Heureusement que j'ai fais attention à la date aujourd'hui  :Rolling Eyes:   :Laughing: 

----------

## E11

 *geekounet wrote:*   

> Heureusement que j'ai fais attention à la date aujourd'hui  

 

Pourquoi ?   :Rolling Eyes:   :Mr. Green:   :Laughing: 

----------

## dapsaille

 *bulki wrote:*   

> Salut,
> 
> ce matin, je suis tombé sur ça: http://www.google.com/tisp/
> 
> C'est décidé, j'adopte tout de suite ,

 

http://www.google.com/tisp/install.html

Je veux

----------

## kernelsensei

 *geekounet wrote:*   

> Heureusement que j'ai fais attention à la date aujourd'hui  

 

+1

----------

## truc

wowo, c'est nouveau ce statu ninja kernelsensei   :Shocked:   jamais vu avant!

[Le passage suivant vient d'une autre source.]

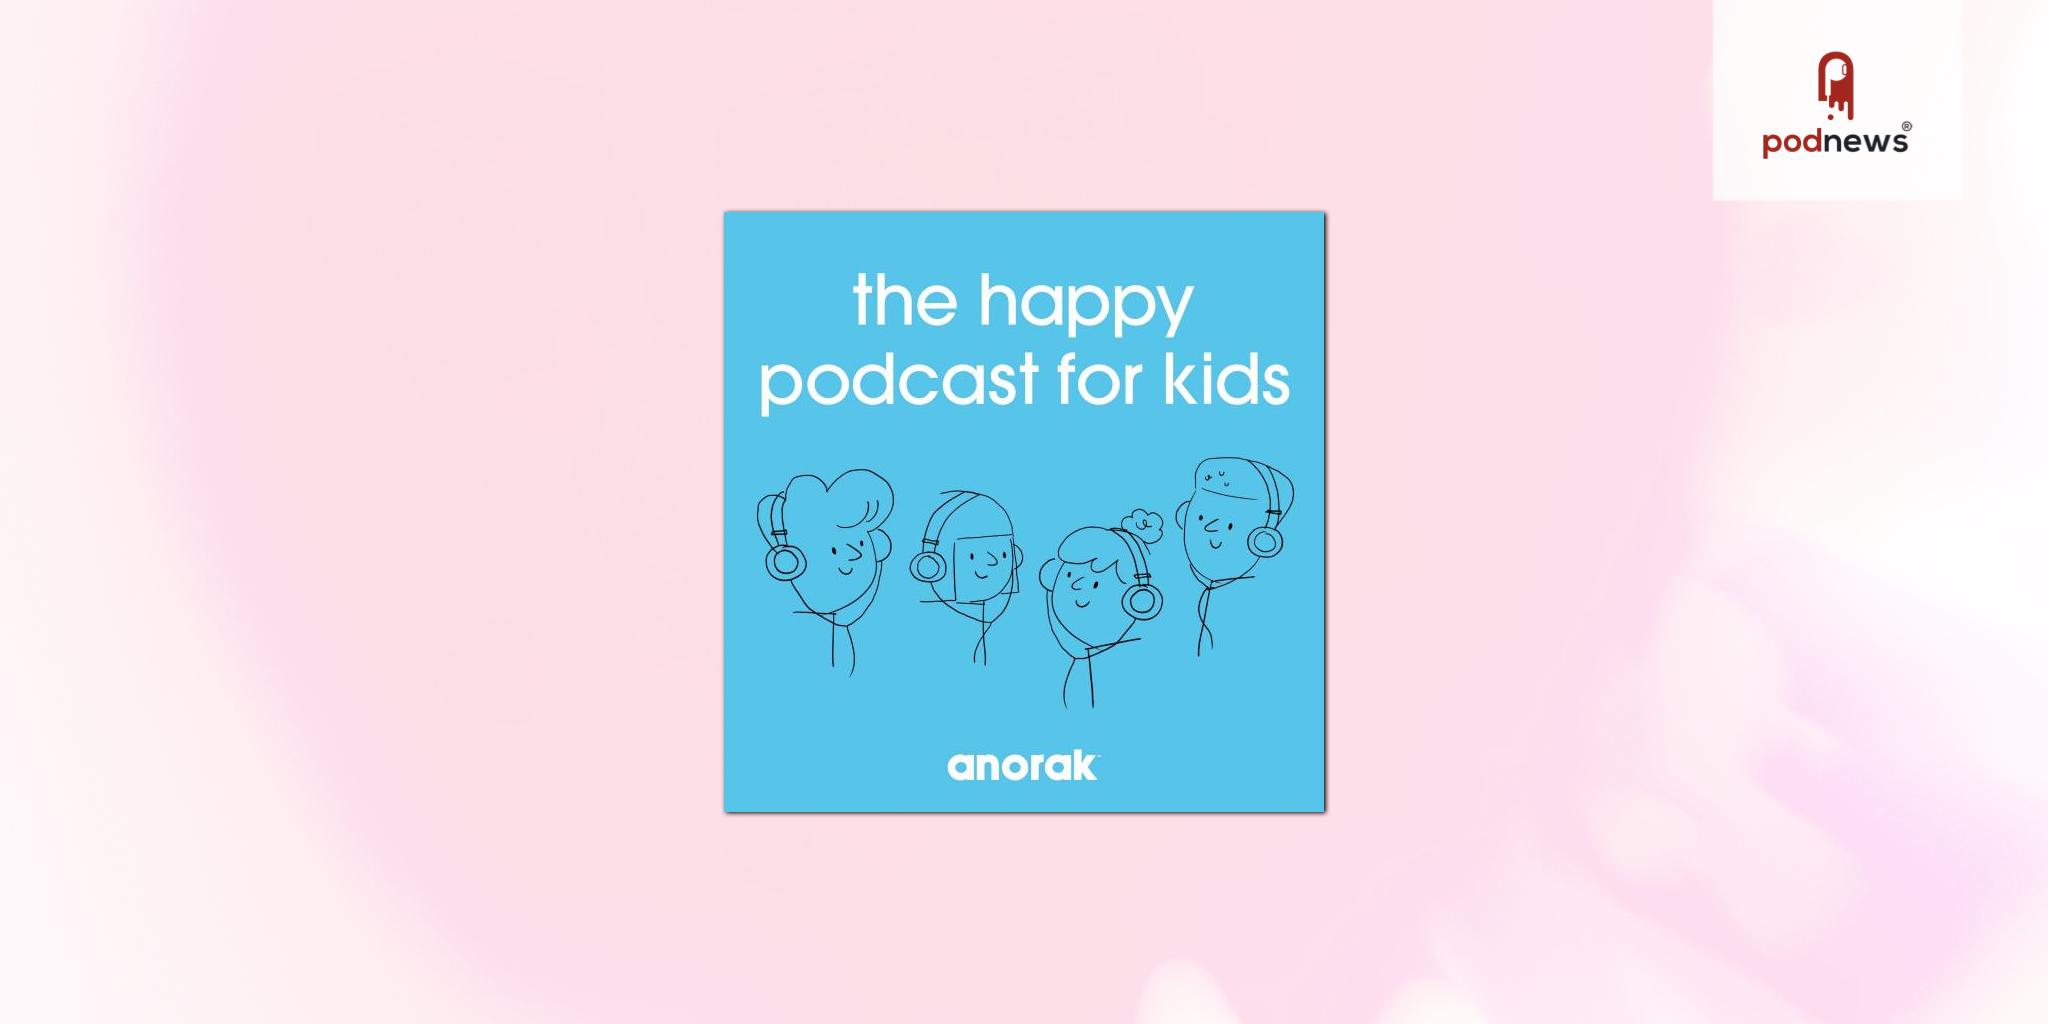 “How do whales pee?” asks Anorak’s The Happy Podcast for Kids

C'est un poisson d'avril aussi?

----------

## ryo-san

salut

Ca y'est j'ai recu mon TISP , mais z'ont pas mis le plongeur avec comme sur la doc, c'est normal ou je fais un proces ?

----------

## boozo

 *truc wrote:*   

> wowo, c'est nouveau ce statut ninja kernelsensei    jamais vu avant! C'est un poisson d'avril aussi?

 

Oui, il semblerait que les modos soient temporairement devenus "ninja" et les modos globaux "ninja master" ; les autres sont restés dans le rang... dommage... on aurait pu voir fleurir des noms d'oiseaux sympatoches   :Mr. Green: 

----------

## cloud64

 :Laughing:  j'adore les photos de branchement de la fibre optique   :Wink: 

----------

## Trevoke

Juste pour voir si mon titre a change..  :Smile:  (edit : zut).

----------

## E11

 *boozo wrote:*   

>  *truc wrote:*   wowo, c'est nouveau ce statut ninja kernelsensei    jamais vu avant! C'est un poisson d'avril aussi? 
> 
> Oui, il semblerait que les modos soient temporairement devenus "ninja" et les modos globaux "ninja master" ; les autres sont restés dans le rang... dommage... on aurait pu voir fleurir des noms d'oiseaux sympatoches  

 

Ca dure longtemps il me semble le 1er avril chez gentoo  :Mr. Green:   :Laughing: 

----------

## kopp

C'est pour que tout le monde en profite...

Personnellement, je n'avais pas vu ça dimanche...

----------

## nico_calais

je viens juste de le voir..Ouais, quand le 1er avrl est passé, ça prête encore plus à confusion :p

----------